Another parent told how she returned home, distraught, after leaving her son behind at Liverpool University and started steam cleaning her kitchen as a way of distracting herself. She moved on to the living room, bedrooms and bathroom.

 

“If you were in my house and stood still for a moment, I would have steam cleaned you as well,” she said.

 

Like her, I have been busy distracting myself. The weekend after Patrick left, I decided I would clear out his room, which has always looked like a bombsite.

 

After a pretty ruthless attack, which involved delving into drawers and crawling into the dark recesses under his bed, I emerged with stacks of bin bags, half for the rubbish bins and half for the charity shops. Then I moved on to his other brothers’ rooms. So far, I have 12 bags for charity and 13 for the bins. And I’m not finished yet.

 

Just two weeks before Patrick headed for university, his two older brothers, who have just graduated, left for London. So I am suffering from a particularly bad case of ‘empty nest syndrome.’

 

Having had five boys at home all summer, our household has suddenly shrunk from seven to four. And while I reassure myself that while they’re at university they have long holidays and come home for extended periods, the world of work is different.

 

Charlie, 21, now has four weeks’ holiday a year, and I don’t expect he will want to spend all of that with his mum and dad. William, 22, has embarked on a three month paid internship and, of course, we hope there might be a job at the end of it, which would mean he won’t be coming home much either.

 

It’s their youngest brothers who probably feel it most. Roscoe, 15, and Albert, 12, have grown up, quite happily, in an atmosphere of benign neglect.

 

From the moment they were born, they’ve had to tag along after their older brothers. Because their dad and I were so busy with the other boys, they were often left to their own devices.

 

Now, we’re in danger of turning into the sort of over-attentive, and slightly frightening, parents who constantly hover over their children, while making the rest of us feel guilty. 

 

The boys look startled when they come in from school and we’re suddenly showing an obsessional interest in what they have been doing all day. We’ve even started attempting to interfere with their homework, which they’re used to getting on with on their own.

 

If one of them needs a lift to rugby or football, we’re both jumping at the chance to be the one to take them, instead of begging the other to do it this time, or finding other parents to share lifts with.

 

The 12-year-old has been particularly quiet since they’ve all gone. In fact, he looks a bit sad. I asked him if he was missing them the other day.

 

“It’s bad,” he said bluntly. He used to love playing football with the bigger boys.
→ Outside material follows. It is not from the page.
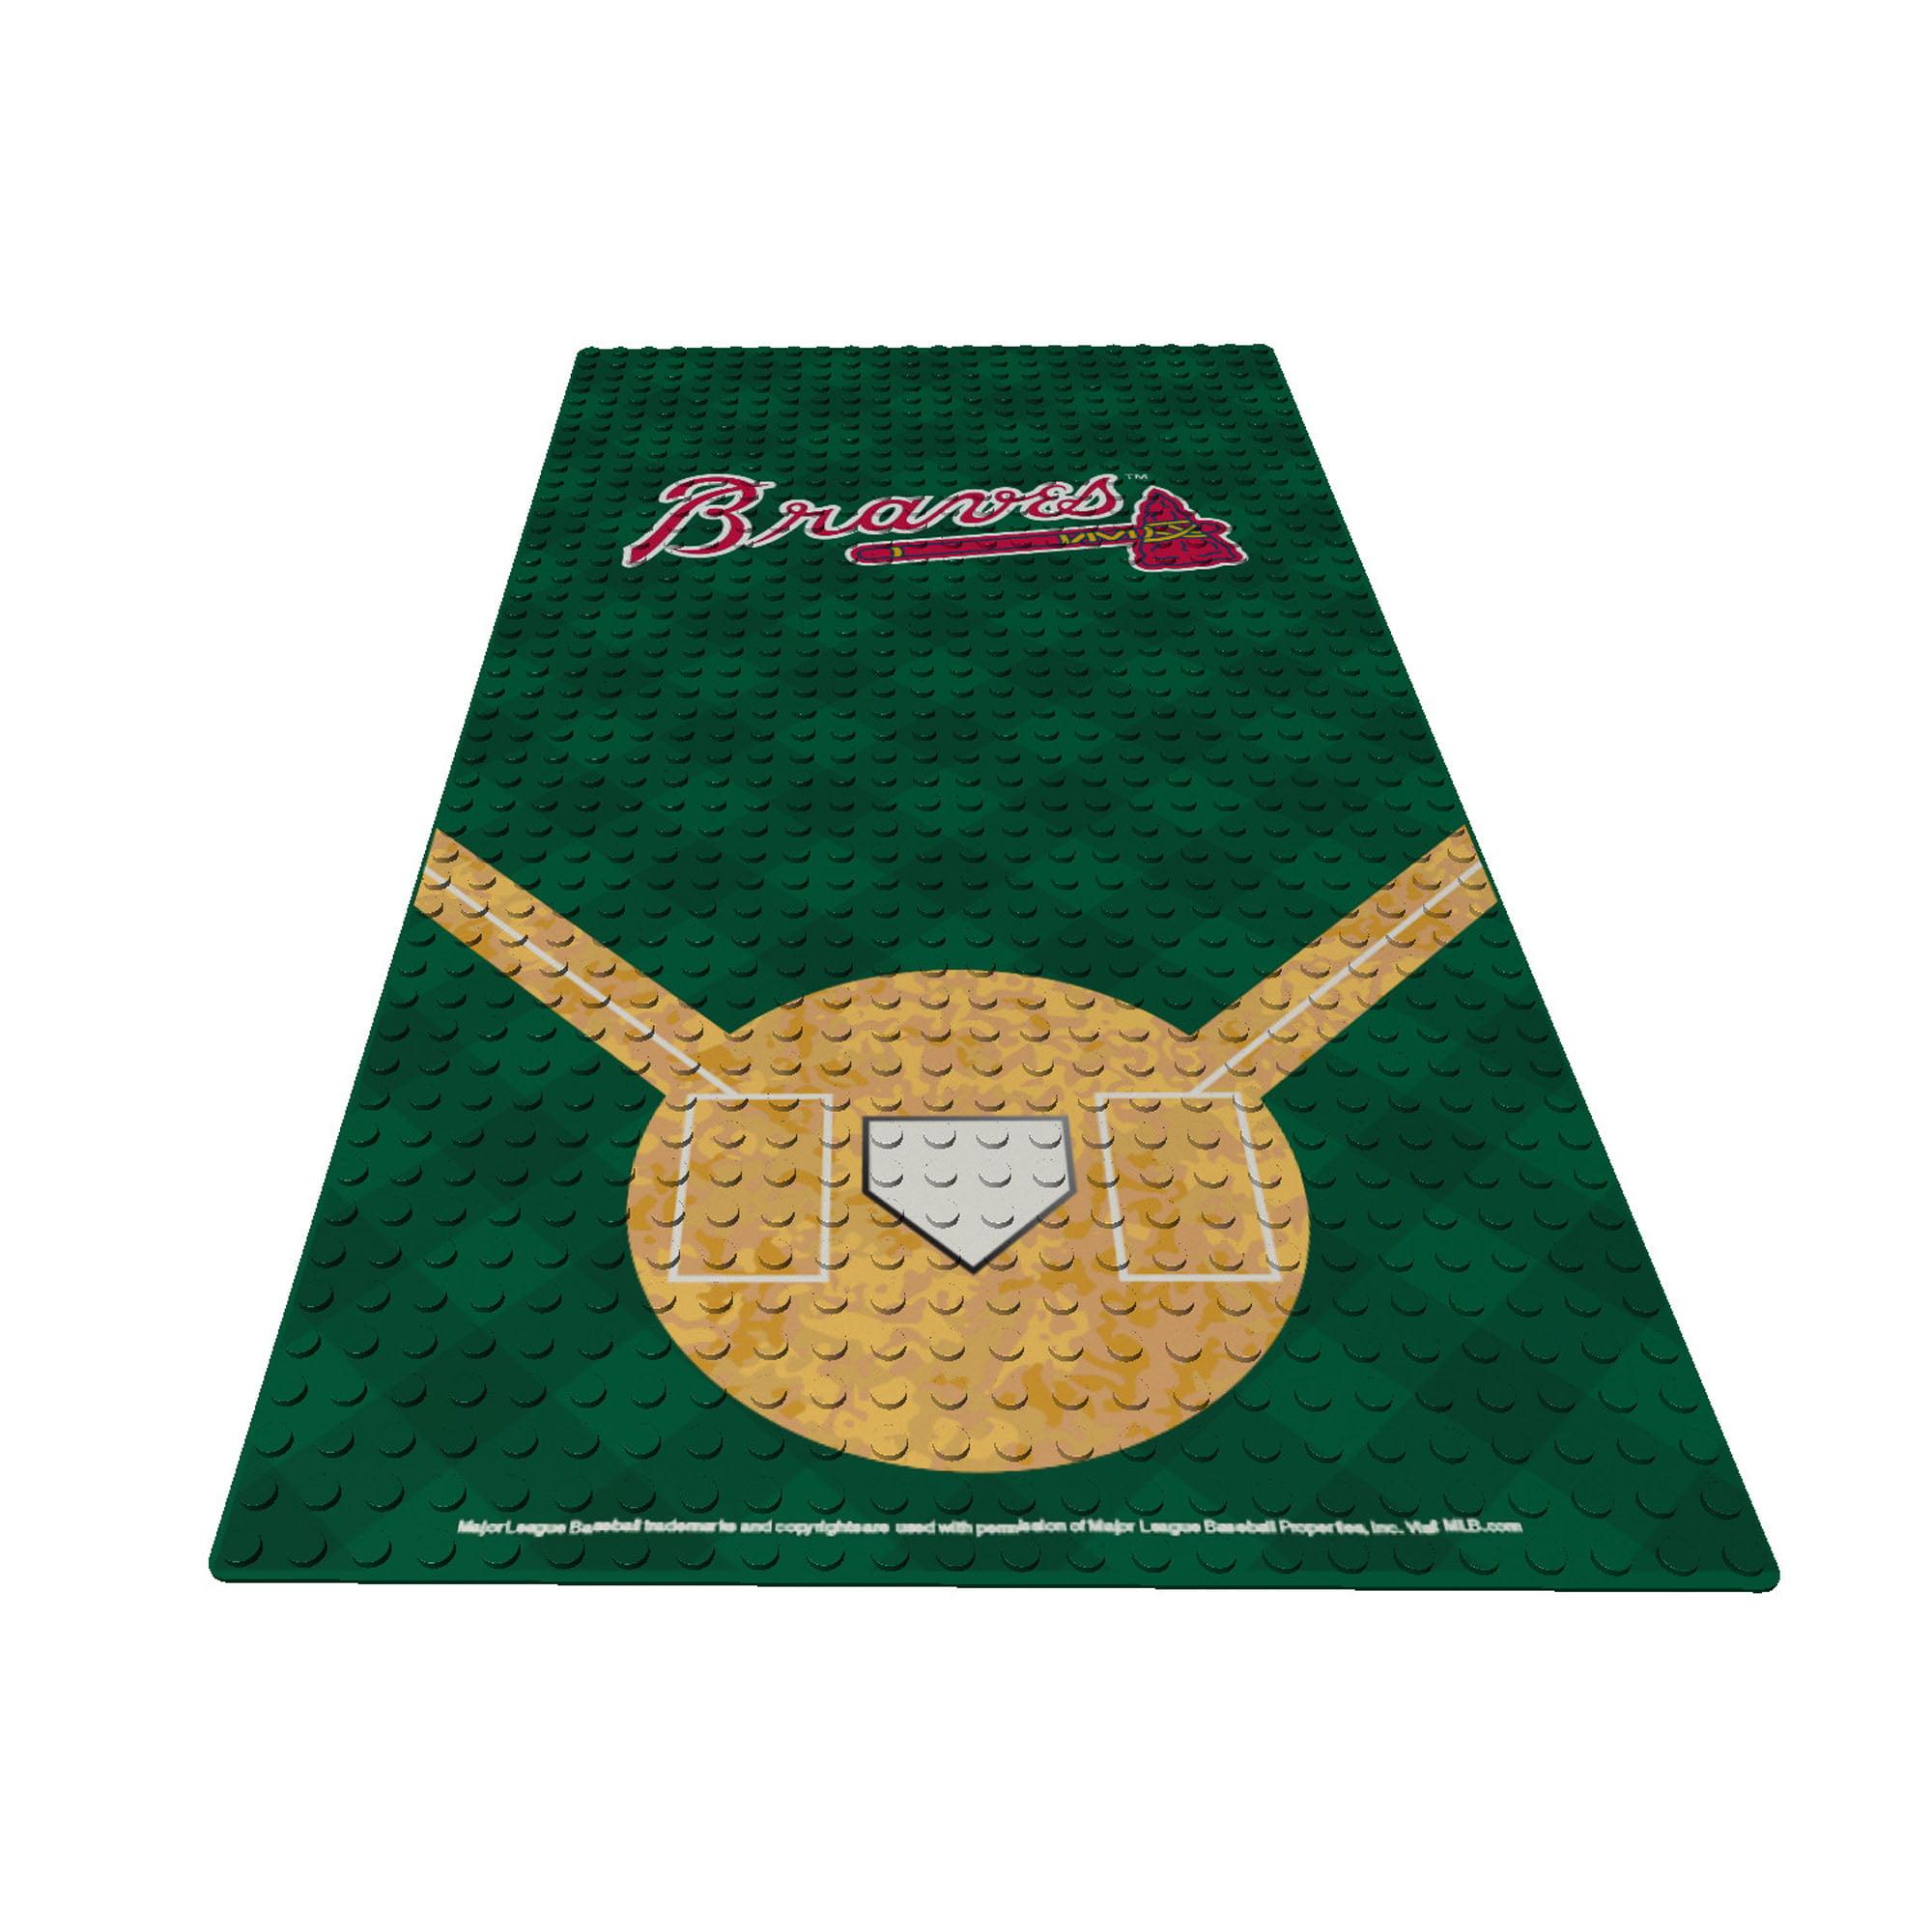 Atlanta Braves OYO Sports Display Plate - No Size

And, being good mimics and quite funny, they could always make him laugh.

 

He misses their friends too. There are no more semi-comatose bodies lying around the house on a Saturday or Sunday morning after they’ve had a late night out and shared a taxi home. No more girlfriends coming to stay.

 

“But it’s really just them I miss. William and Charlie and Patrick and who they are,” he said glumly. I could have cried.

 

I went to find his dad: “We need to get a dog,” I said.

 

 

PATRICK phoned home last Wednesday: “What have you been up to?” I asked. “Not much, it’s a free day on a Wednesday,” he said. “But you have free days on Saturdays and Sundays. What do you need a free day on a Wednesday too for?” I asked, pointing out that he was paying £9,000 a year for the privilege of studying at university. “ Since he’s paying so much for it, ‘free’ is hardly the appropriate word.